The body of engineering knowledge combined with the Internet can lead to quick expertise in any area. Technology has grown at an exponential rate, inspiring thousands of people to get involved on their own by creating their own gadgets, systems, and products. This is known as the maker movement and is the result of technologies such as Arduino, Raspberry Pi, and 3D printers such as the MakerBot. Through these technologies hundreds of projects have been built, and a huge community has been formed, supporting everything around it. The next big thing to come to the maker world may be a combination between the small computers and 3D printing.
A team from the University of Tokyo, Japan have created a way to print conductive ink onto a piece of paper from an everyday inkjet printer. This would allow hobbyists, engineers, or researchers a cheap, fast, and reliable way to quickly create and test PCB designs. Currently, many teams design a PCB and will then have to send that schematic out and wait for their board to be shipped to them. While it is possible to own your own PCB fabrication device, the price of these technologies makes it highly unlikely that you would purchase one yourself. Even for companies and research labs, the price of this equipment can prove to be too much.
Therefore, the team wanted to devise a way to cheaply print circuit boards for testing and prototyping. The first step was to find ink that would be conductive and work within an inkjet printer. This was possible thanks to recent advances in materials science. Their ink integrates silver nanoparticles that are smaller than 0.1micrometers. The nanoparticles get dissolved in a solvent with polymer latex and halide emulsion. Then water is reintroduced, which stabilizes the solution. Unlike currently available conductive inks and paints, the miniscule particle size allows the inks to have a low resistance and support applications such as narrow traces and printed antennas.

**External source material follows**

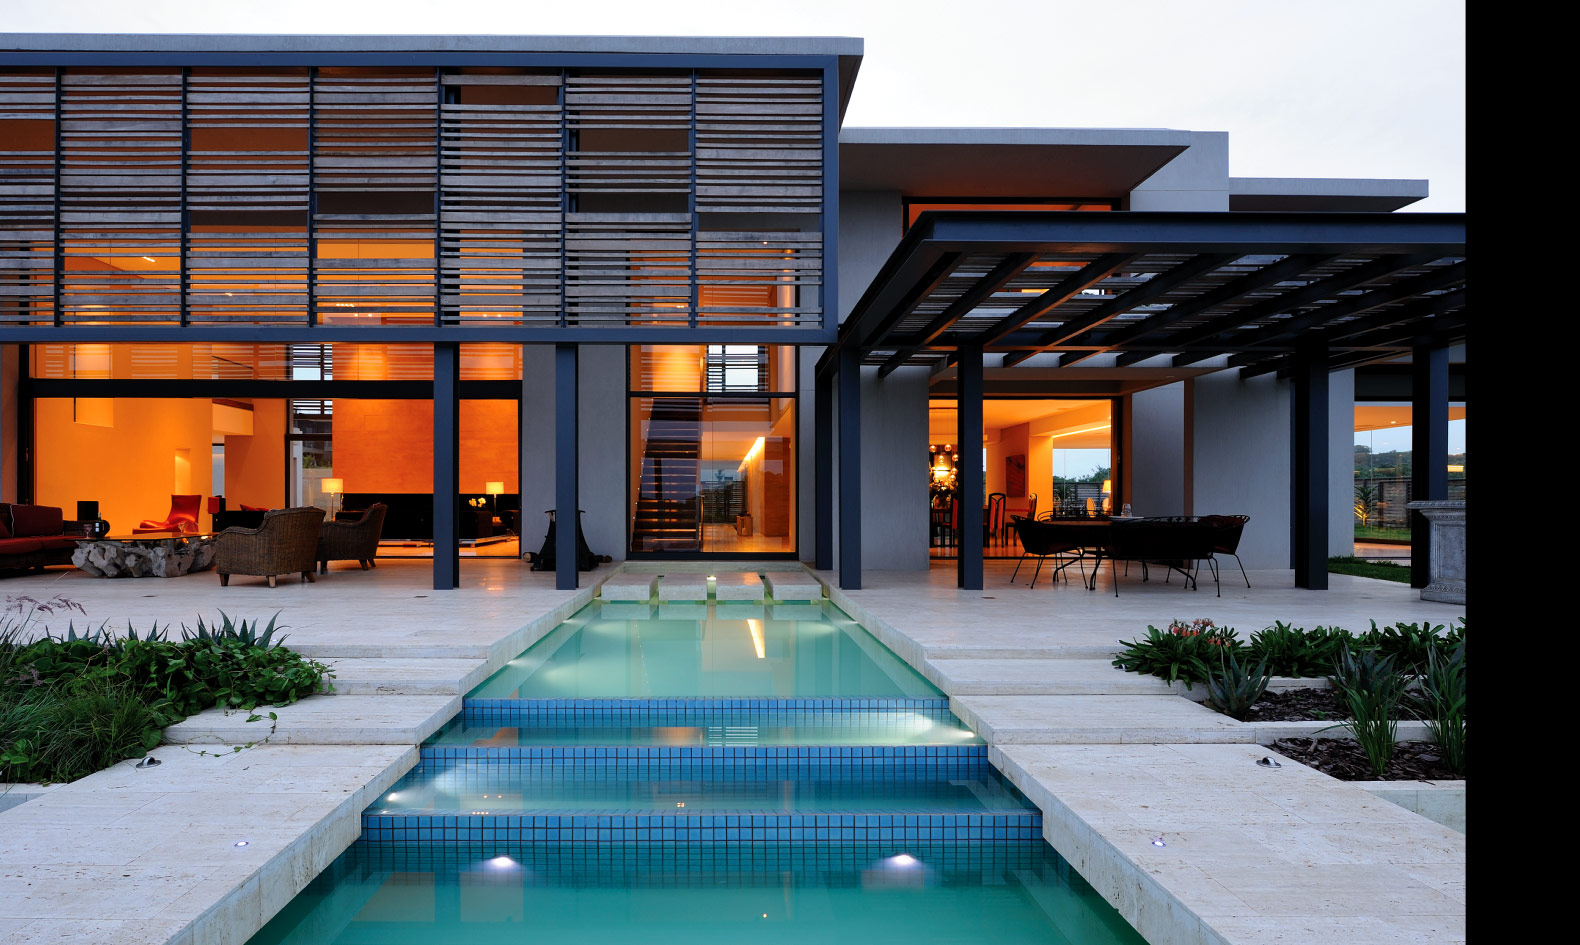 Loveisspeed hawaan estate by saota design for Piscinas minimalistas

In addition, the team used a cheap inkjet printer they purchased on Amazon. With this, they also purchased empty ink cartridges, which were filled with their conductive ink using a small plastic syringe. They then tested different types of paper. Resin-coated paper, glossy photo paper, and PET film worked well in supporting printed circuits. Materials that did not function well with the printed circuits were canvas clothes, magnet sheets, and label seals.
The printed circuits also allow circuits to be utilized in many unique applications. For example, the circuits can be printed and then flexed while still maintaining conductivity. The resistance of the circuits will gradually increase as the bend radius increases due to "cracking," which occurs with the nanoparticles. In one experiment, the team wrapped a circuit around a toothpick, which resulted in a resistance of 34 Ohms, which is still a resistance much less than many currently available conductive inks.
The team has also experimented with attaching components to the paper circuits. Due to the high temperatures required for soldering, alternative methods were explored. Conductive tapes and silver conductive epoxy proved to be the most reliable means of attaching components to the circuits. So far, the team has printed circuits and connected LEDs, resistors, batteries, and even microprocessors.
Overall, the team's work has shown us that printed circuits can be a reality soon. Teams working in labs can take advantage of the rapid prototyping it will allow as well as a hobbyist working from home. The technology may also be integrated with 3D printing or pick-and-place machines, which would open a whole new door in the electronics world. My intuition is that we will be seeing more of this technology soon and being applied in many more situations and applications.